East and Central African Journal of Surgery
Association of Surgeons of East Africa and College of Surgeons of East Central and Southern Africa
Vol. 19, No. 2, 2014, pp. 136-143
Bioline Code: js14047
Full paper language: English
Document type: Research Article
Document available free of charge
East and Central African Journal of Surgery, Vol. 19, No. 2, 2014, pp. 136-143
© Copyright 2014 - East and Central African Journal of Surgery
Morphometry of the Myopectineal Orifice: Relevance in Prosthesis Hernia Repair.|
Ndung’u, B.M.; Koech, A.C. & Tharao, M.K.
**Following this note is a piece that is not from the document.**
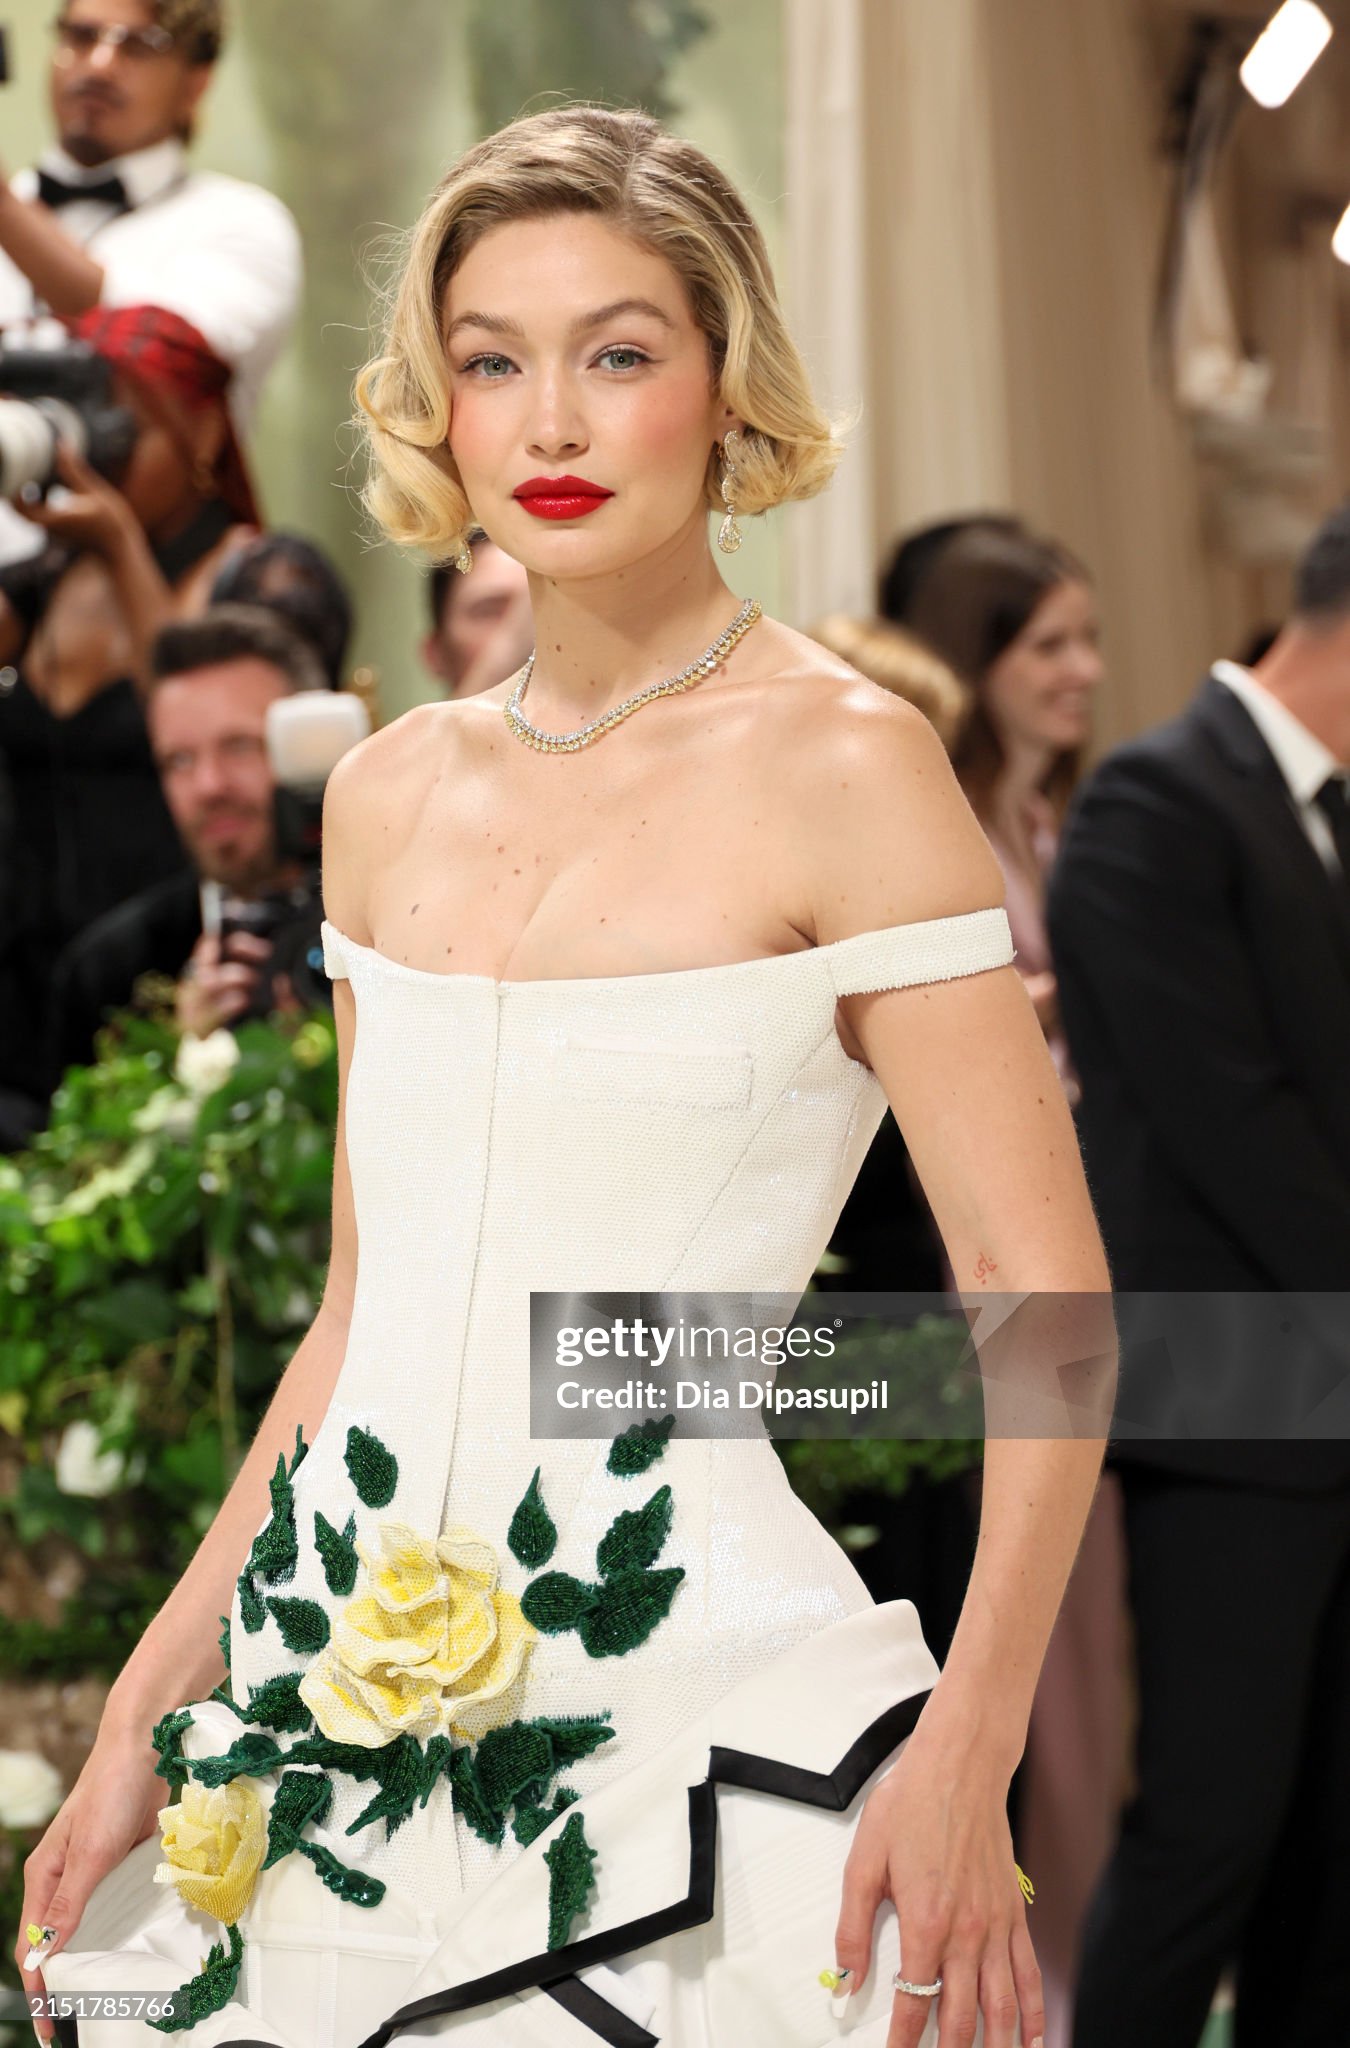 gettyimages-2151785766-2048x2048.jpg

All groin hernias occur through a weakness at the lower extremity of the
abdomen: the myopectineal orifice (MPO). Open preperitoneal and laparoscopic techniques
involve dissection and placement of the prosthetic mesh to cover all potential hernia sites of
the MPO. We re-examined the preperitoneal anatomy with the aim of determining the
minimum ideal shape and size of prosthetic mesh for the repair of inguino-femoral hernias.
Dissection was performed on 15 preserved human adult cadavers of both sexes.
The preperitoneal approach was used to access the myopectineal orifice and its shape and
dimensions obtained from tracings. The surface area was obtained by point counting.
The shape of the MPO was trapezoid and its area 7.0 ± 1.29cm2. The maximum
length was 5.7cm and the maximum width 2.9cm. The point of maximum width varied
along the length and the area of the MPO was significantly larger in male.
For preperitoneal placement of prosthesis, a rectangular mesh measuring
15cm by 12cm is appropriate. These dimensions ensure adequate coverage and overlap of
all the potential hernia sites in the groin, as well as allowing for mesh shrinkage.